Yet Chicken Bill would not work on the ranges. There were no cards permitted in the camps, and whiskey was debarred as if each bottle held a rattlesnake. Altogether a jovial soul, and one given to revelry, would fly from them in disgust.
“It’s too lonesome a play for me, this punchin’ cattle,” observed Chicken Bill, and so eschewed it.
While Pike’s Peak Martin expounded this aversion on the part of Chicken Bill, as well as the latter’s refusal to pick and dig and drill and blast in the Timberline mines, as mere laziness, public feeling, though it despised the culprit, was inclined to tolerate him in his shiftlessness. American independence in the Southwest is held to be inclusive of the personal right to refuse all forms of labor. Wherefore Chicken Bill was safe even from criticism as he hung about the saloons and faro rooms and lived his life of chosen vagabondage.
Our low-flung hero made shift in various ways. Did he find a tenderfoot whom he could cheat at cards, he borrowed a stake—sometimes, when the subject was uncommonly tender, from the victim himself—and therewith took a small sum at poker or seven-up. Another method of trivial fraud, now and then successful with Chicken Bill, was to plant a handful of brass nuggets, each of about an ounce in weight, under a little waterfall that broke into the canyon just below the windmill. There was a deal of mineral in this feeble side-stream, and the brass nuggets became coated and queer of color.
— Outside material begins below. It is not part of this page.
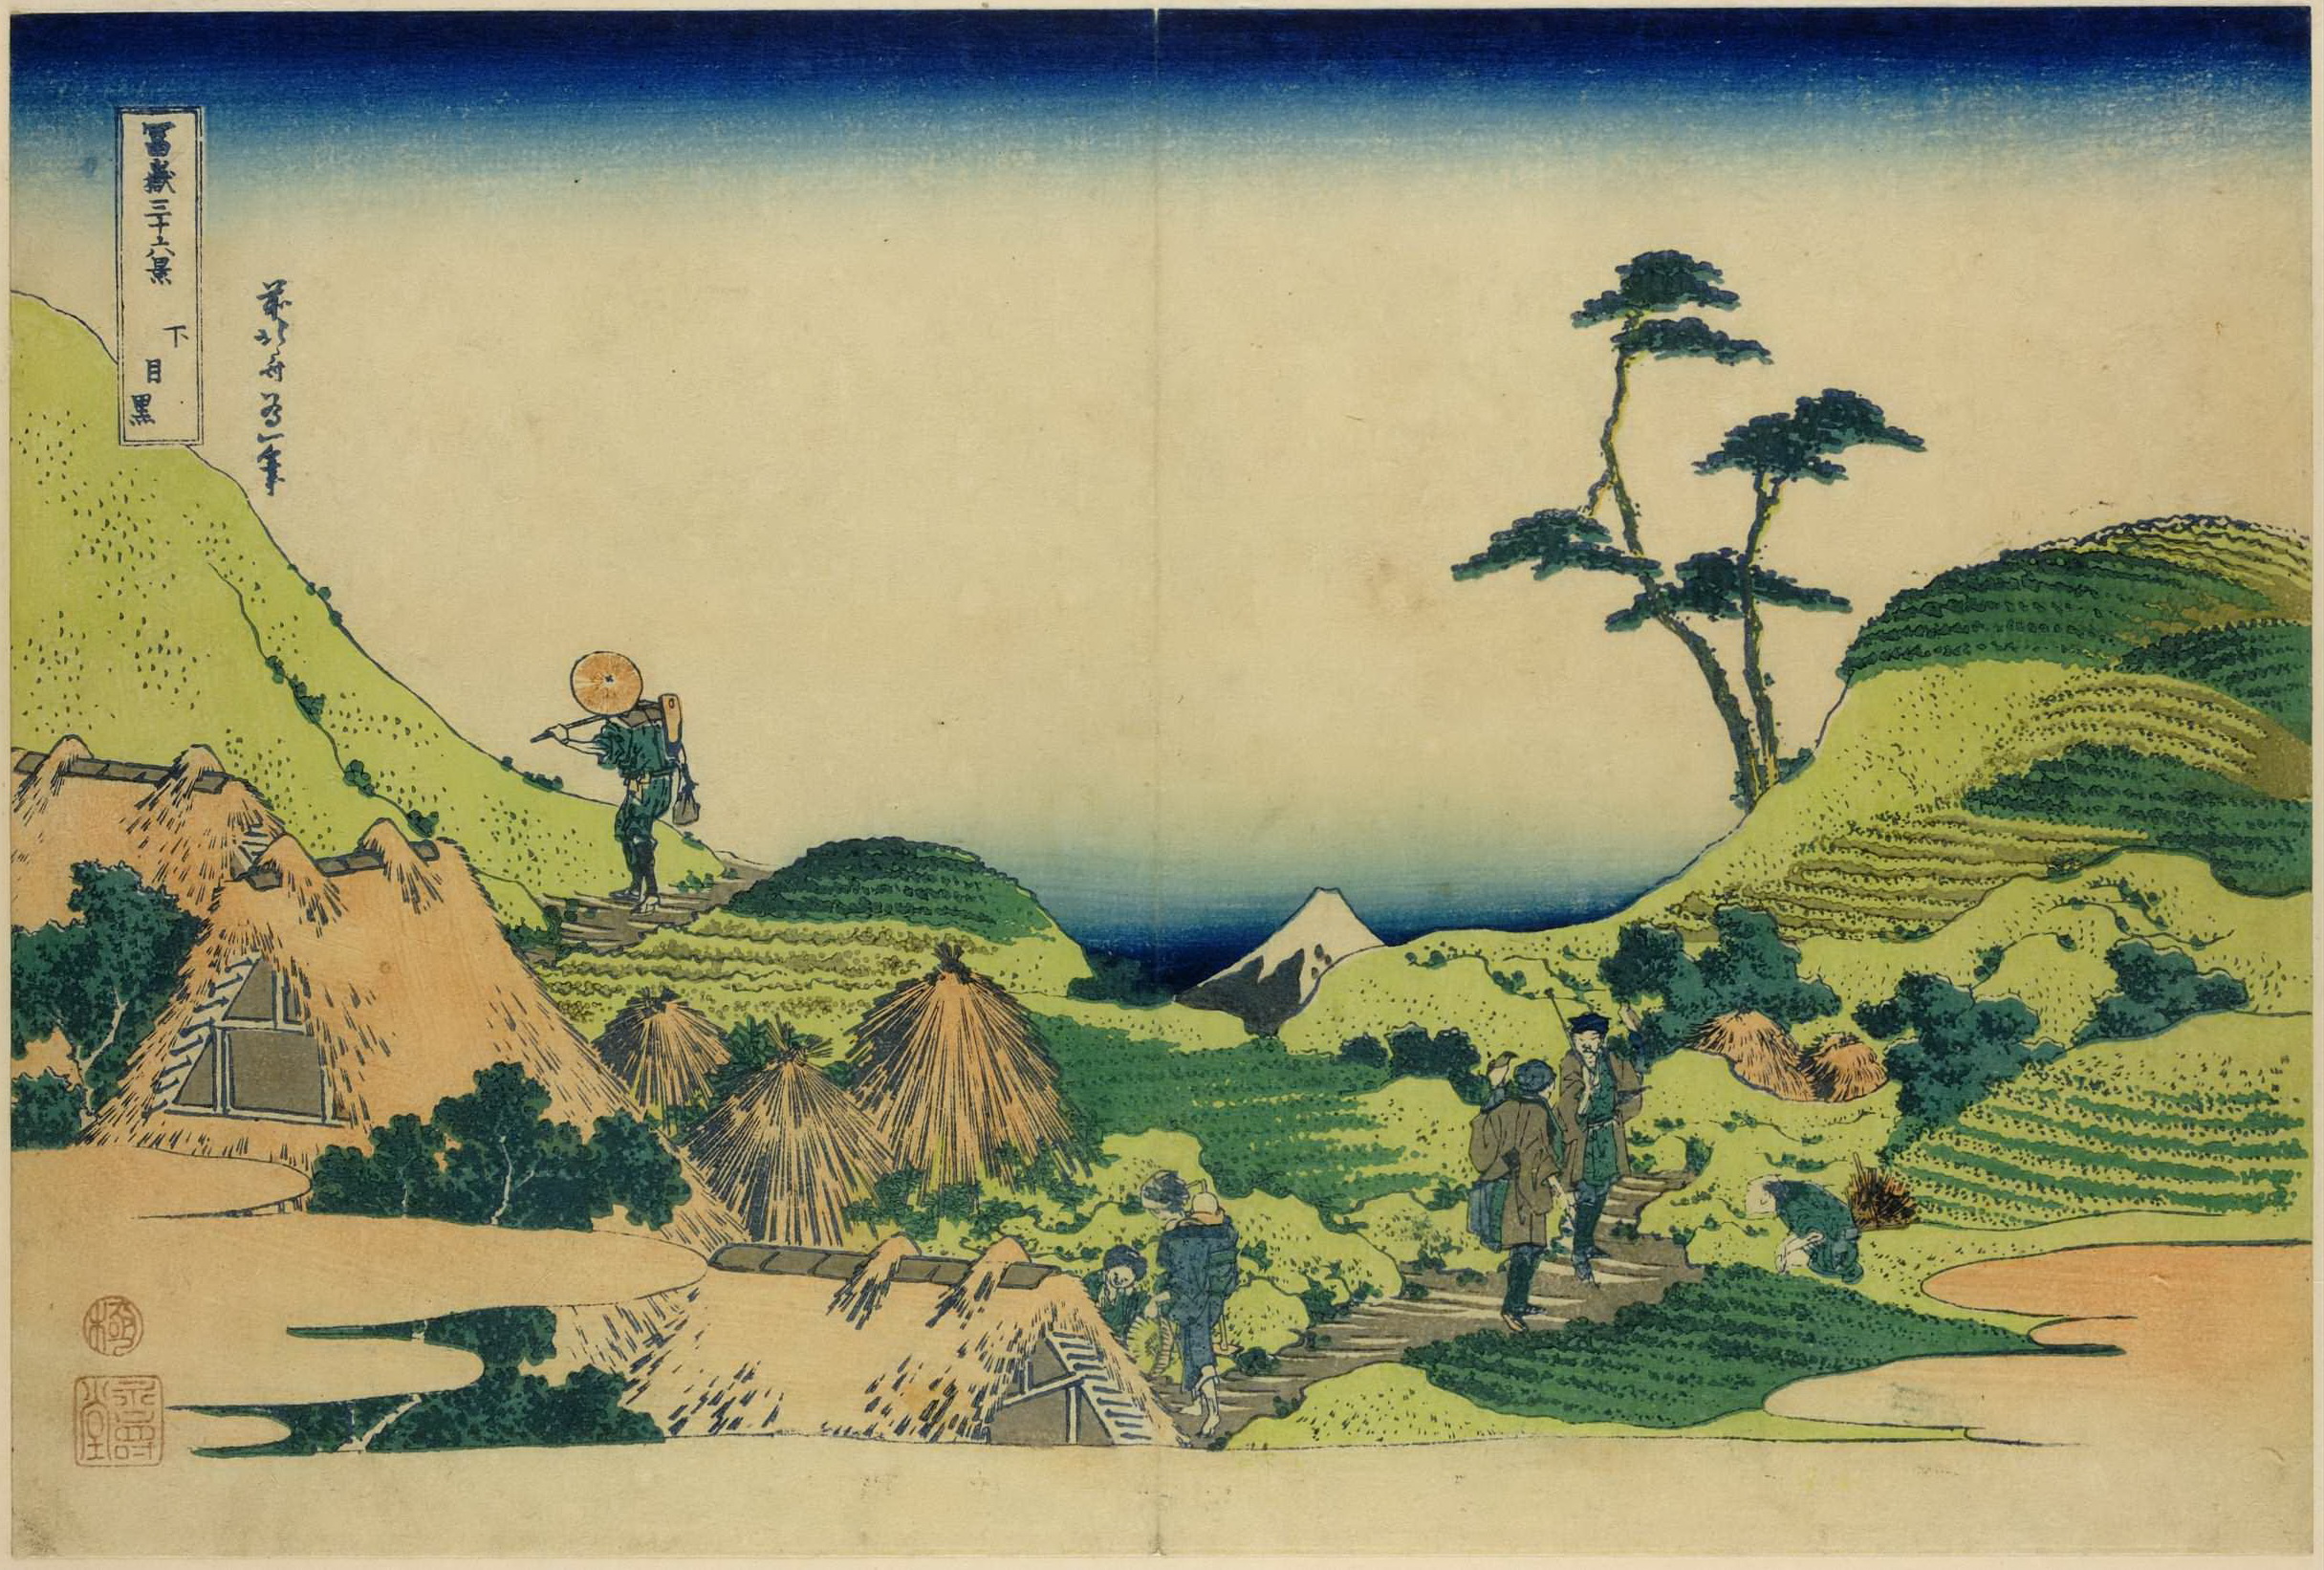 Lower Meguro (Shimo Meguro), from the series Thirty-six Views of Mount Fuji

One of these Chicken Bill was able at intervals to impose at a profit upon a stranger, by swearing doughtily that it was virgin gold.
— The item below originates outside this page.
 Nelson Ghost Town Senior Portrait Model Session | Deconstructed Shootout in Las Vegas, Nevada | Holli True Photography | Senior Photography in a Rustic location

It came to pass, however, that Chicken Bill, despairing of fortune by the cheap processes of penny-ante and spurious nuggets, decided on a coup. He would stake out a claim, drift it and timber it, and then salt it to the limit of all that was possible in the science of claim-salting. Then would he sell it to the first Christian with more money than sagacity who came moved to buy a mine.
Chicken Bill was no amateur of mines. He knew the business as he knew the cow trade, and avoided it for the same reason of indolence. In his time, and after some windfall at faro-bank, Chicken Bill had grub-staked prospectors who were to “give him half” and who never came back. In his turn Chicken Bill was grub-staked by others, in which event he never came back. But it went with other experiences to teach him the trade, and on the morning when with pick and paraphernalia Chicken Bill pitched camp in Arizona Gulch a mile beyond the farthest, and where it was known to all no mineral lurked, he brought with him a knowledge of the miner’s art, and began his digging with intelligent spirit. Moreover, the heart of Chicken Bill was stout for the work; for was he not planning a swindle? and did not that thought of itself swell his bosom with a mighty peace?
Once upon a time Chicken Bill had had a partner.
This partner was frequently on the lips of Chicken Bill, especially when our hero was in his cups. He was always mentioned with a gush of tears, this partner, and his name as furnished by Chicken Bill was Flim Flam Murphy. Flim Flam had met death somewhere in the Gunnison country while making good his name, and passed with the smoke of the Colt’s-44 that dismissed him. But Chicken Bill reverenced the memory of this talented man and was ready to honor him, and, having staked out his claim with the fraudulent purpose aforesaid, filed on it appropriately as “The Flim Flam Murphy.”
It would be unjust to the intelligence of Timberline to permit one for a moment to suppose that the dullest of her male citizenry lived unaware of the ignoble plans of Chicken Bill. That he proposed to salt a claim and therewith ensnare the stranger within the local gates were truths which all men knew. But all men cared not; and mention of the enterprise when the miracle of Chicken Bill at work found occasional comment over the bars, aroused nothing save a sluggish curiosity as to whether Chicken Bill would succeed. No thought of warning the unwary arose in the Timberline heart.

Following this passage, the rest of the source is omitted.